» Required work: Exclude images; transcribe the rest of the data exactly.

» Given material:
■ ■ ■

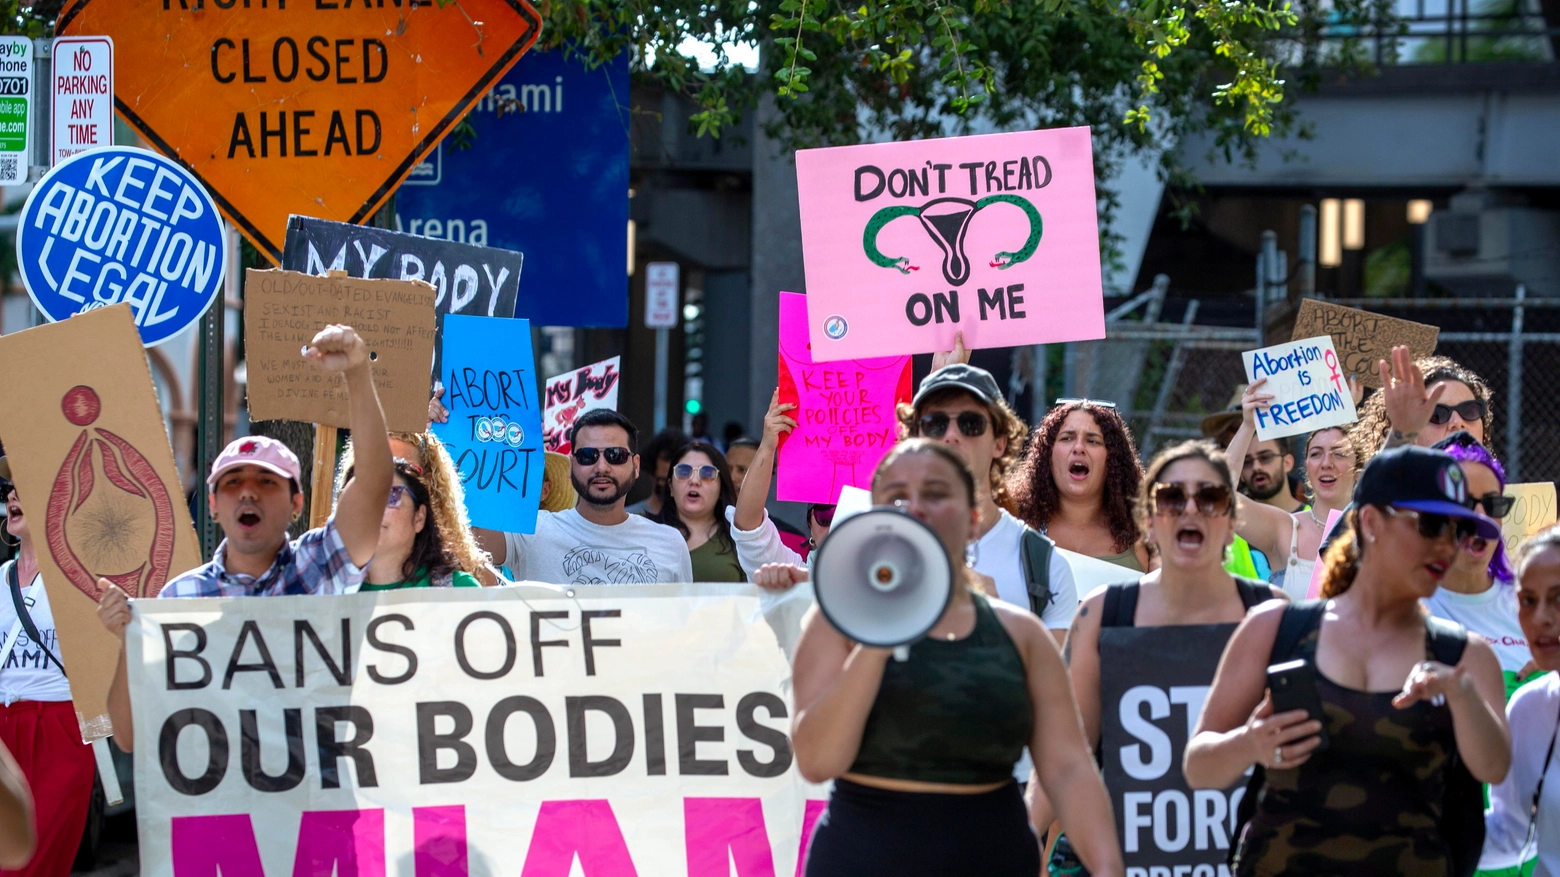 Proteste pro aborto negli Stati Uniti (Ansa)
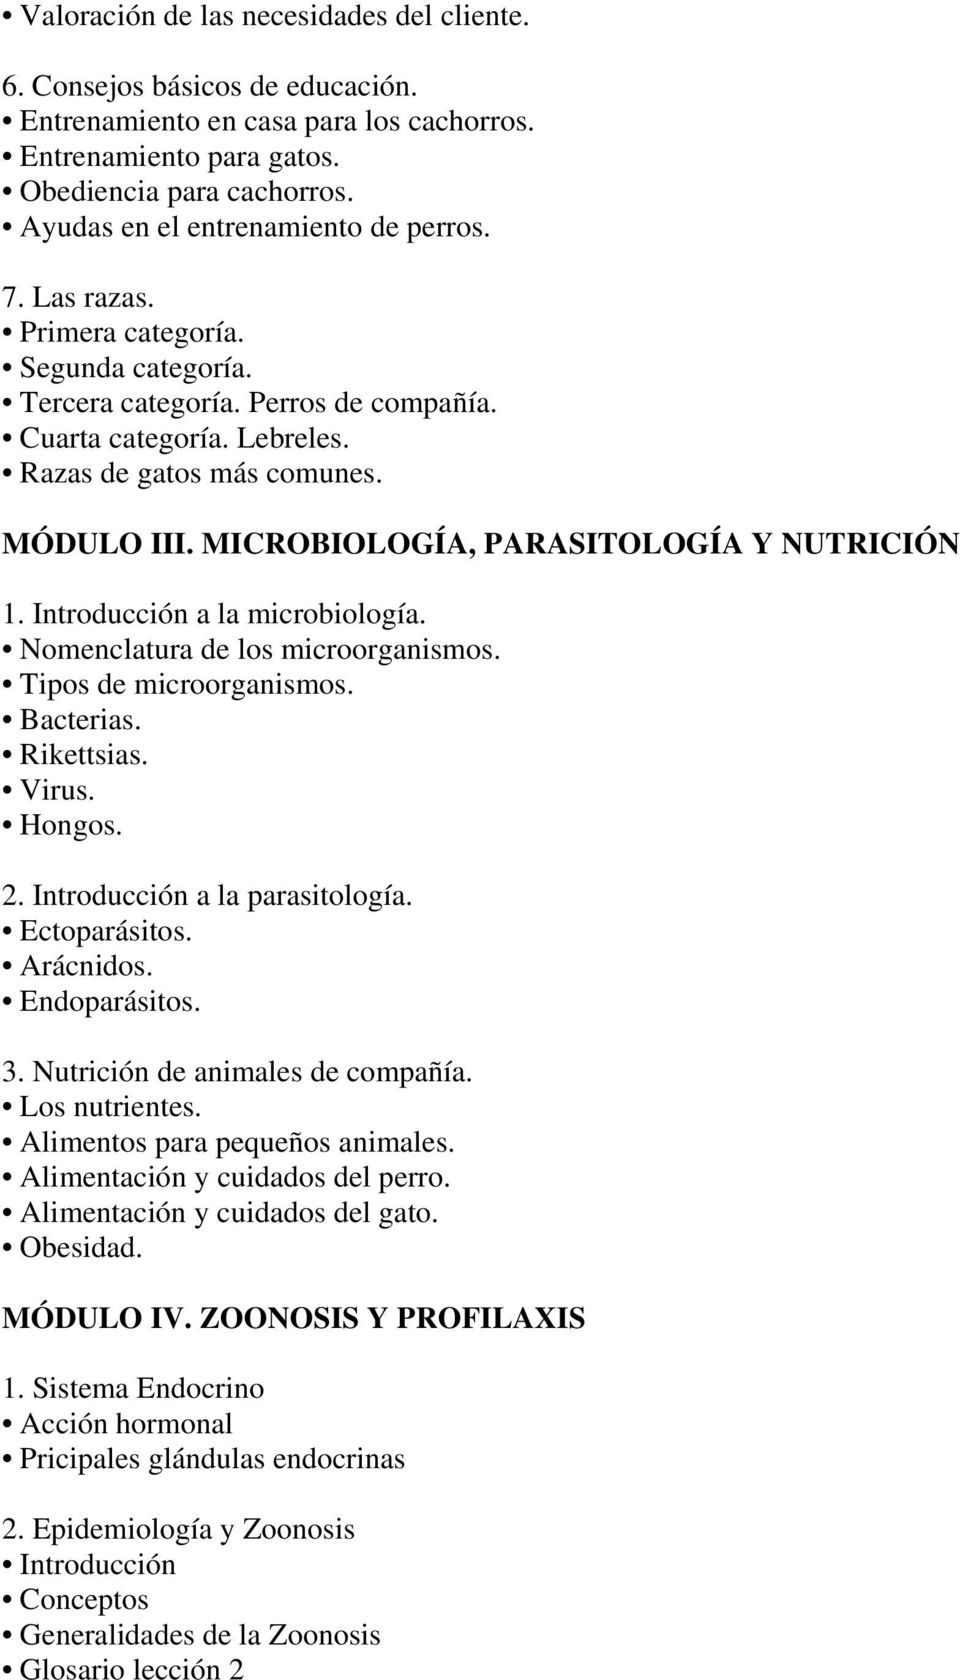 MICROBIOLOGÍA, PARASITOLOGÍA Y NUTRICIÓN 1. Introducción a la microbiología. Nomenclatura de los microorganismos. Tipos de microorganismos. Bacterias. Rikettsias. Virus. Hongos. 2.
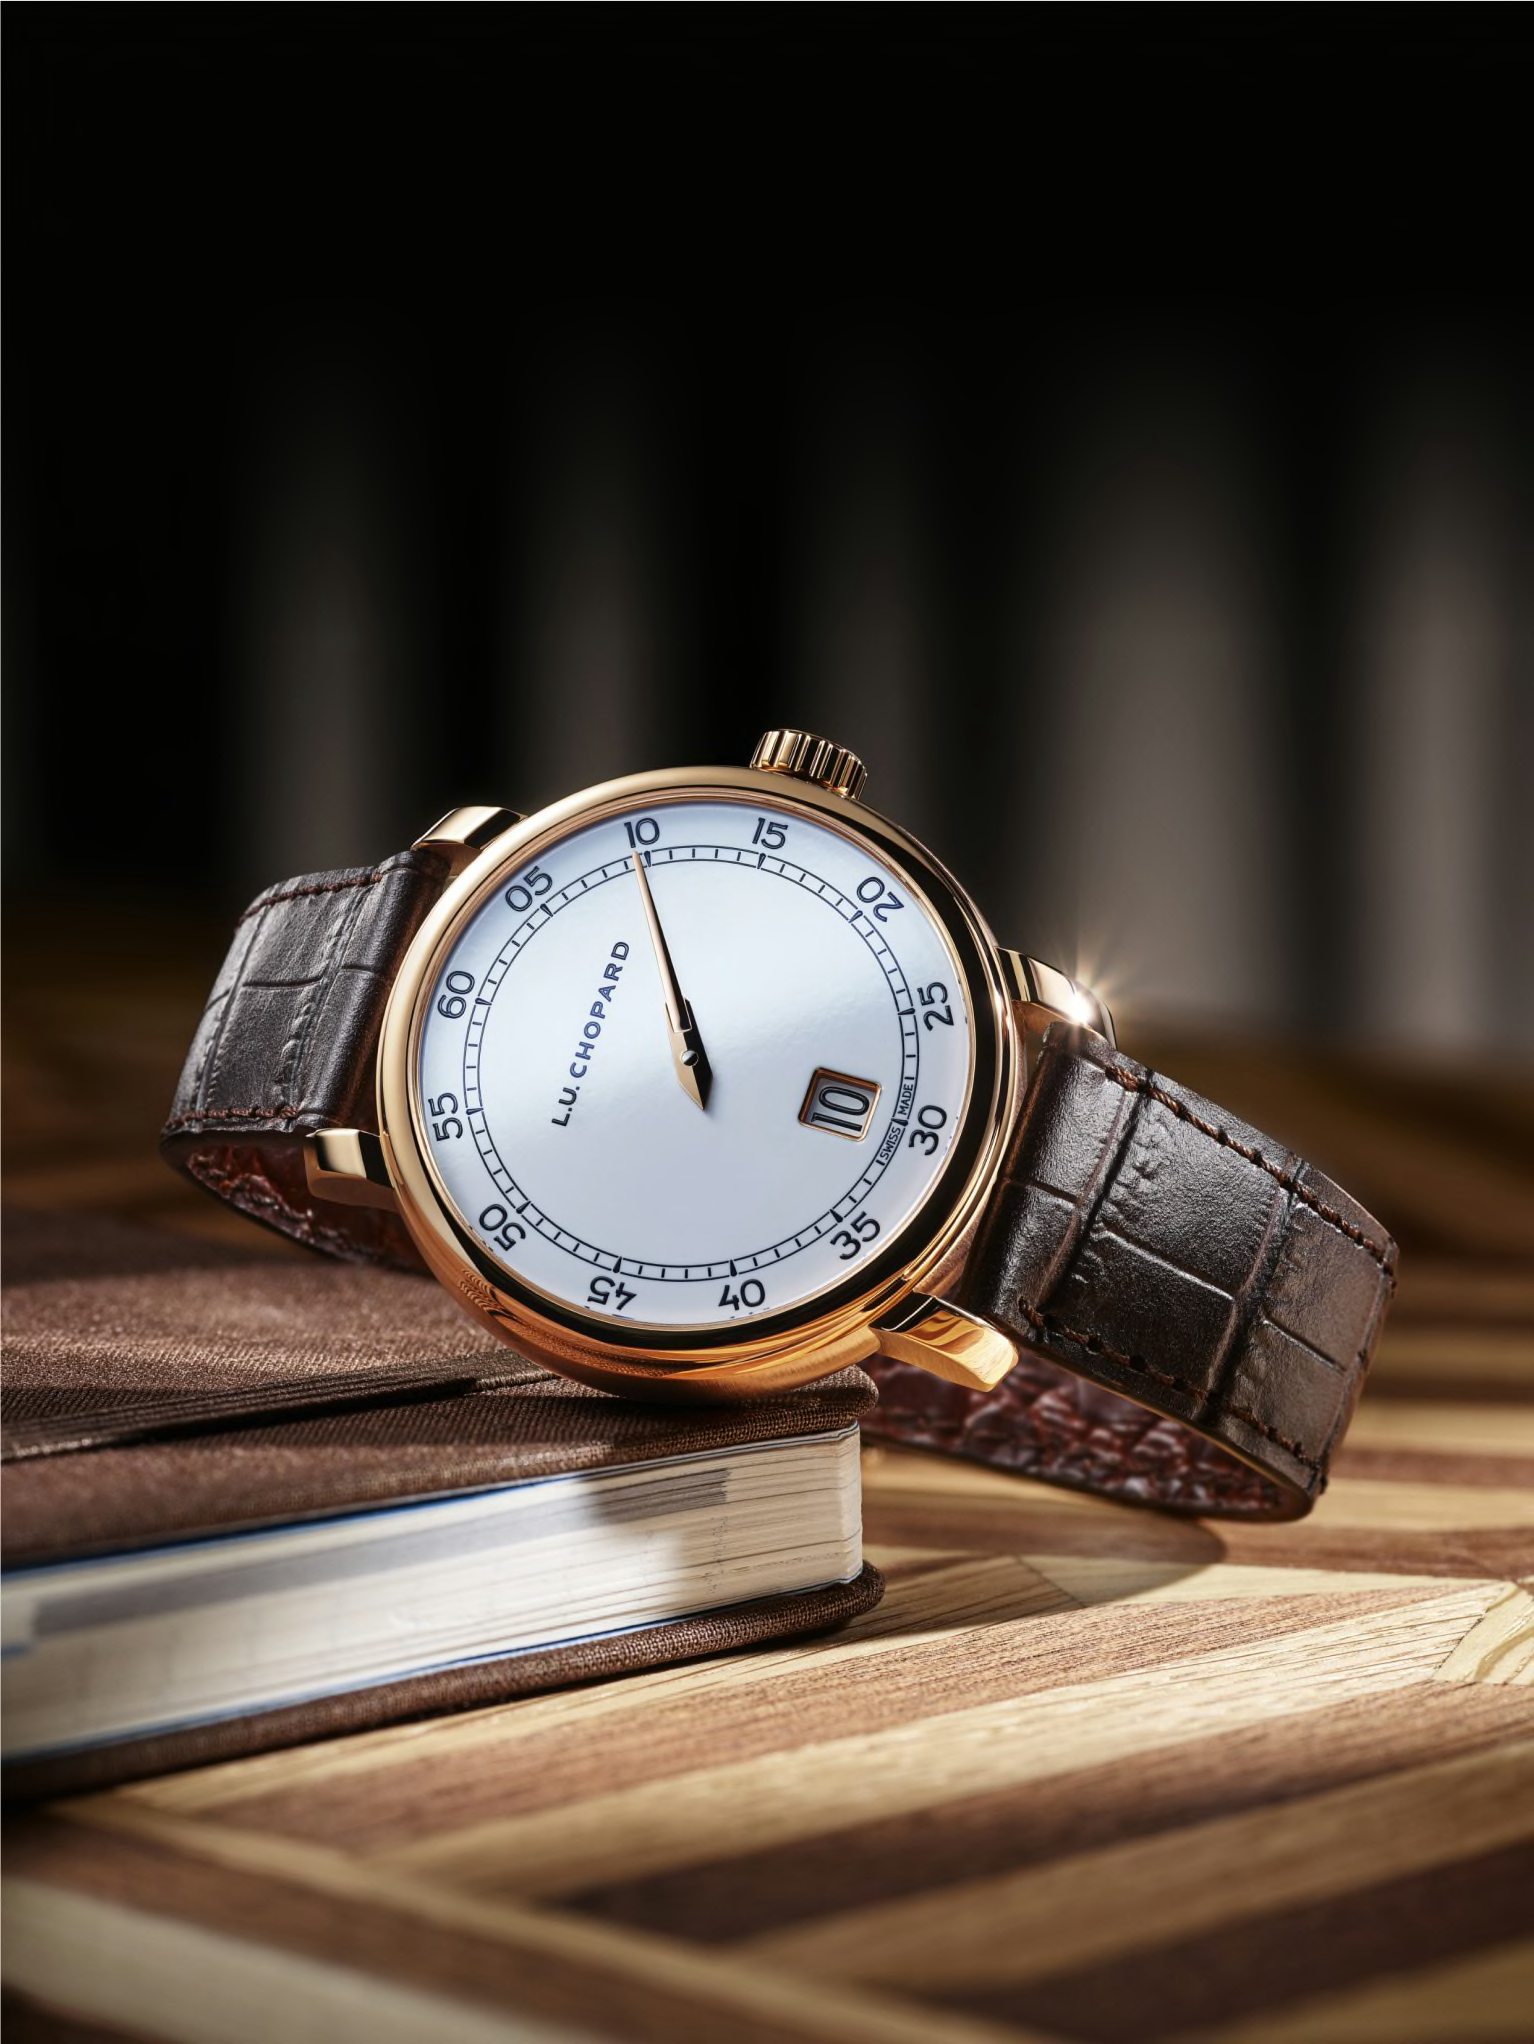 L.U.C Swiss watches: pure design, mechanical sophistication

■ ■ ■

» Task answer:
 Proteste pro aborto negli Stati Uniti (Ansa)
 MICROBIOLOGÍA, PARASITOLOGÍA Y NUTRICIÓN 1. Introducción a la microbiología. Nomenclatura de los microorganismos. Tipos de microorganismos. Bacterias. Rikettsias. Virus. Hongos. 2.
 L.U.C Swiss watches: pure design, mechanical sophistication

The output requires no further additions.